In Pakistan's critically acclaimed movie 'Khuda Ke Liye' the protagonist is a singer who goes to the US to study music further. When the teacher there asks him to give a sample of his singing talent, he begins with lines that come from the rich Hindu mythological background-Neer bharan kaise jaaon-indicating the yearning of Radha for Krishna. That song perhaps drove home the point of a common heritage of people of India and Pakistan, especially in Hindustani classical music. Mehdi Hassan is a symbol of that tradition that has survived the partition and flourished.

When news reached India that the ghazal maestro has been put on a ventilator, the first reaction came from Rajasthan, the state of his birth. Chief minister Ashok Gehlot picked up the phone, spoke with the singer's son Arif and offered to treat him in India. The health condition of the singer, Arif said, does not permit him to be disturbed. Gehlot was expressing concern for one of the greatest sons of Rajasthan.

Mehdi Hassan's family comes from Luna, a village in Jhunjhunu district of the Shekhawati region in Rajasthan. He migrated to Lahore couple of years before India was partitioned. He was 12 years of age then. The singer is said to still have some close buddies in Luna which he visited three times in the last six decades.

It is not just in Luna that he has friends. TOI has discovered at least three persons in Hyderabad who have spent considerable time with Mehdi Hassan. Mohan Hemadi of Sur Mandal remembers how the singer came to his residence in 1978 and spent the entire night singing and talking. Abdul Mughni, a noted ghazal singer who began his career with cloning Mehdi Hassan and Jagjit Singh, recalls the suggestions the maestro had given him to improve his singing. "He showed me how to move from one sur to another, all the while enhancing the beauty of the song," says he.
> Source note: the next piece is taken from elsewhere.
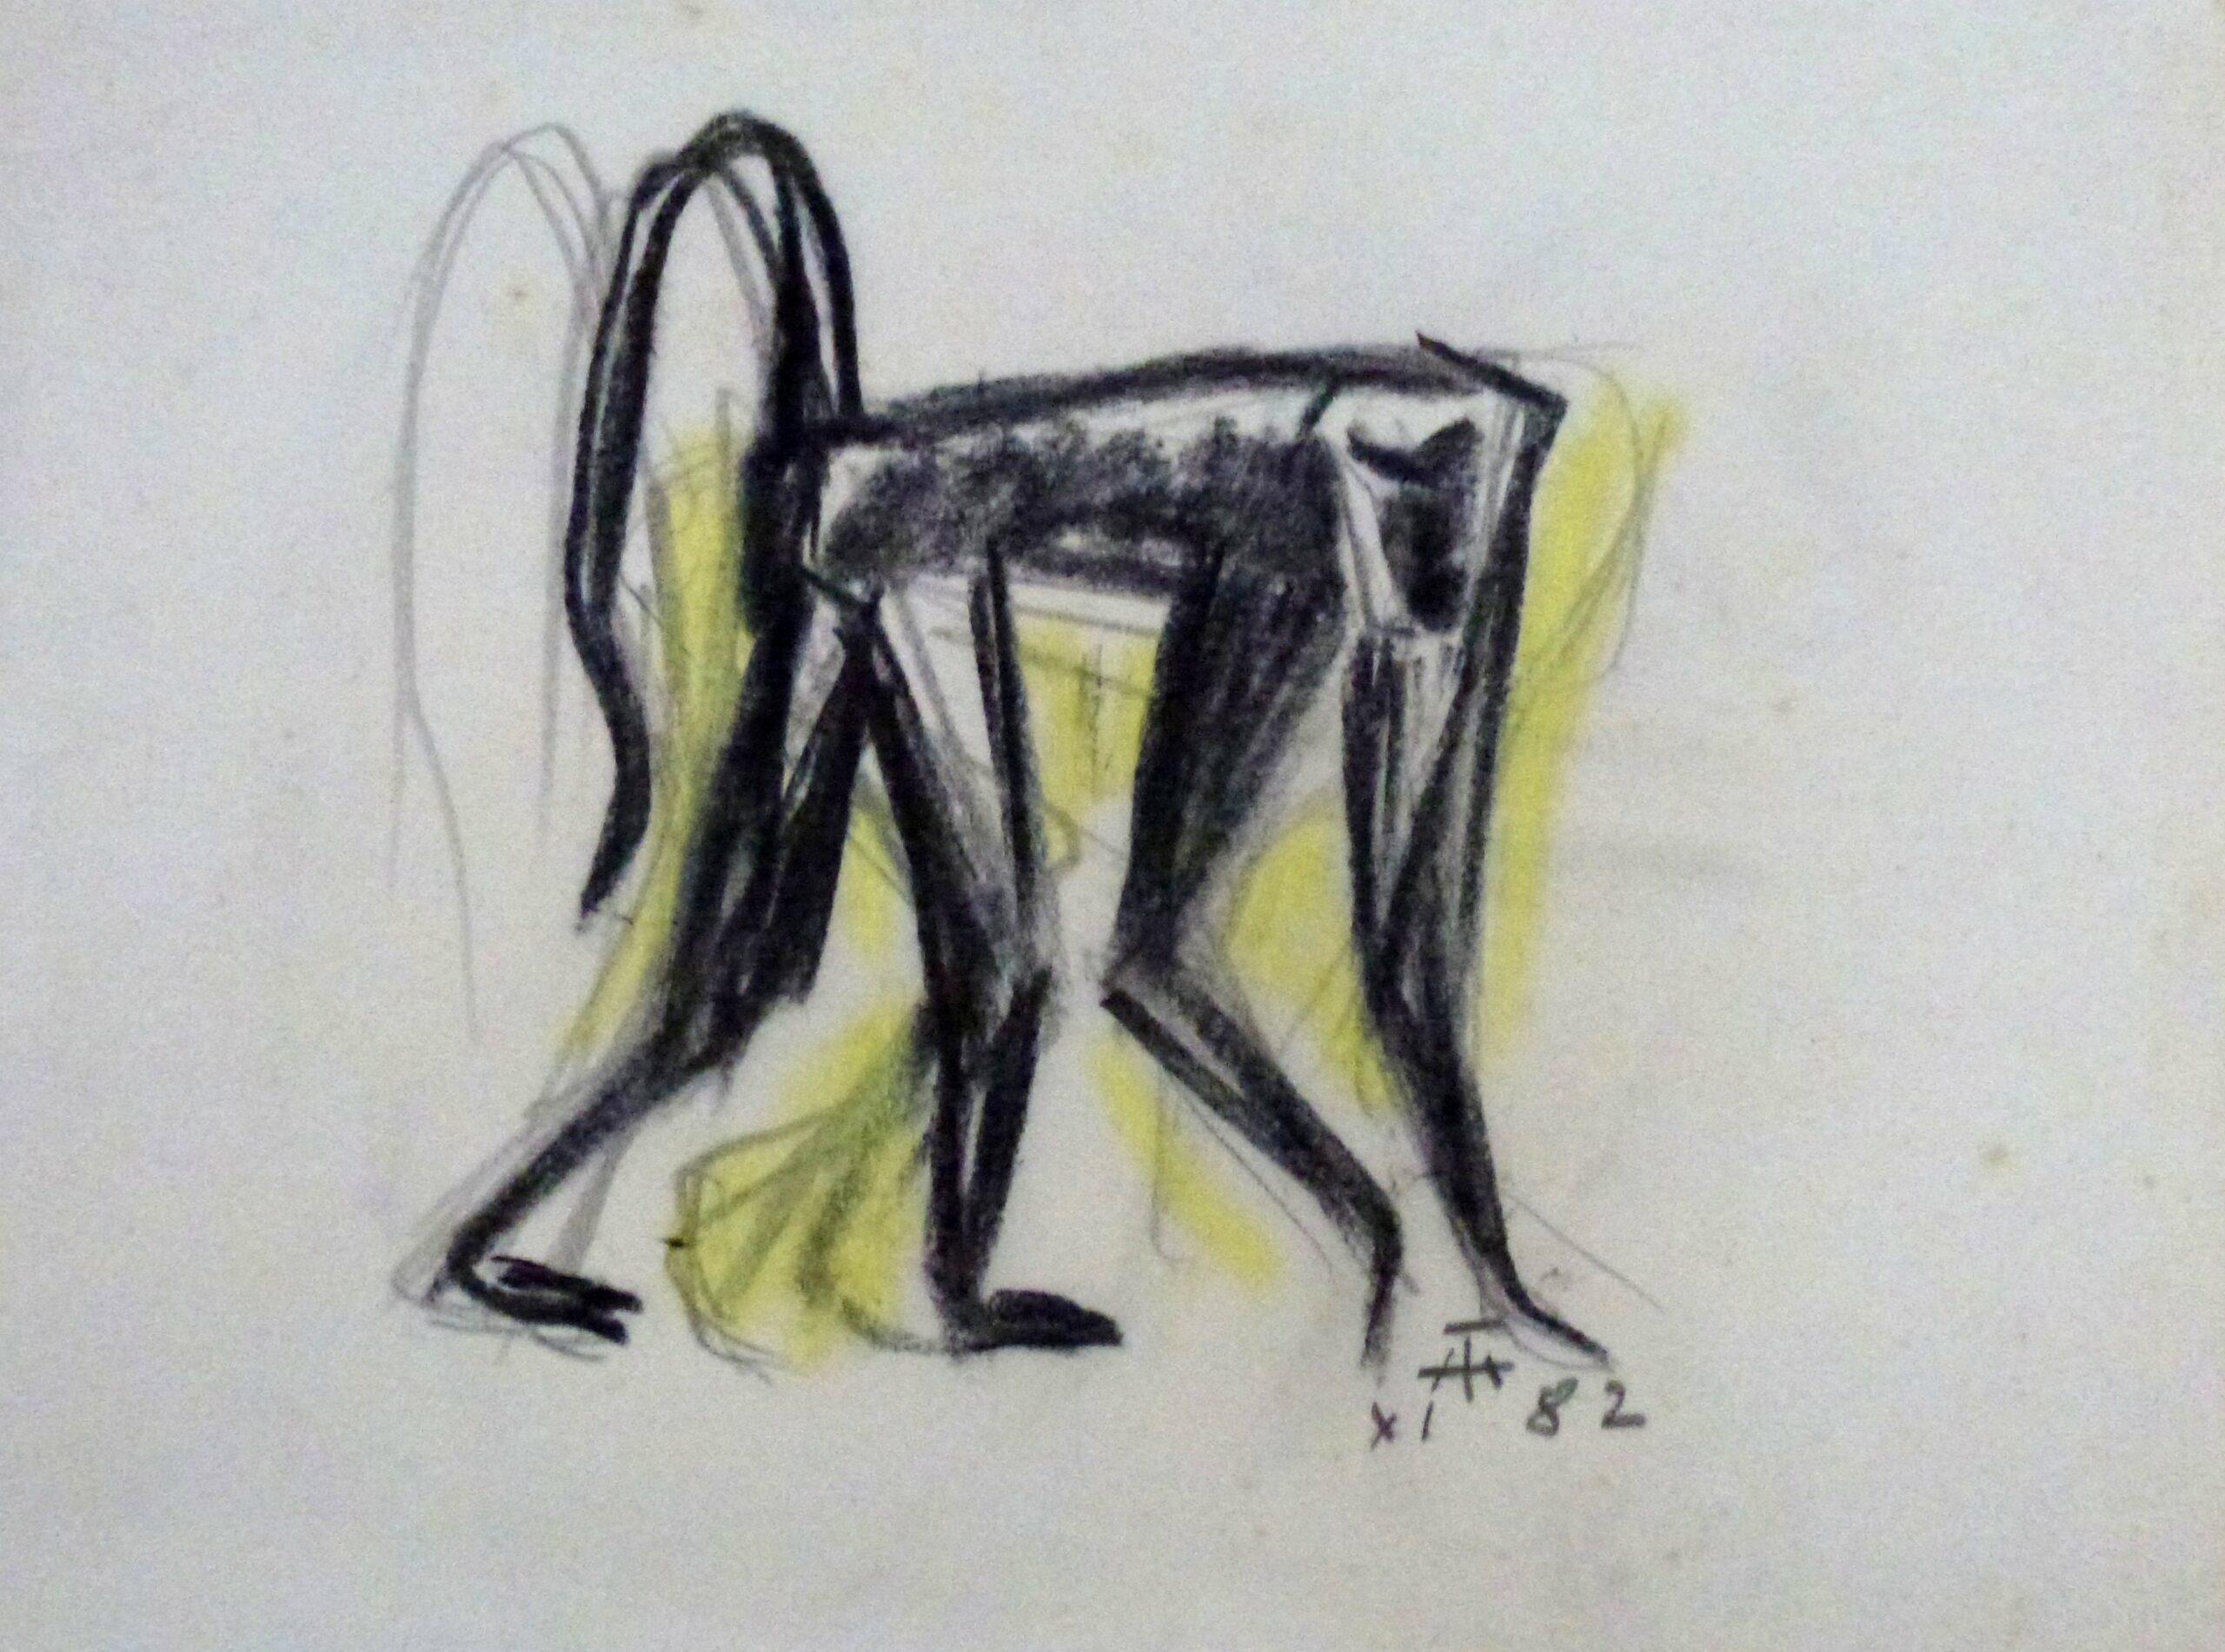 Chobe schreitender Affe – Oktober 1982

May be there is no other person like the Hyderabadi Rashed Abdul Qayoom who after meeting Mehdi Hassan in Toronto in 1977 entered into a life-long relationship. "One day Talat Aziz (the popular ghazal singer from Bollywood hailing from Hyderabad) phoned me to inform that Mehdi Hassan, his guru, has agreed to joint performances in North America. That was a rare honour for Talat Aziz. It was also rare for the music lovers to listen to two singers-one from India and another from Pakistan from the same stage. I tagged along. They gave performances in 25 cities in the US and I attended all of them. The Indian-Pakistani diaspora loved it," he recalls.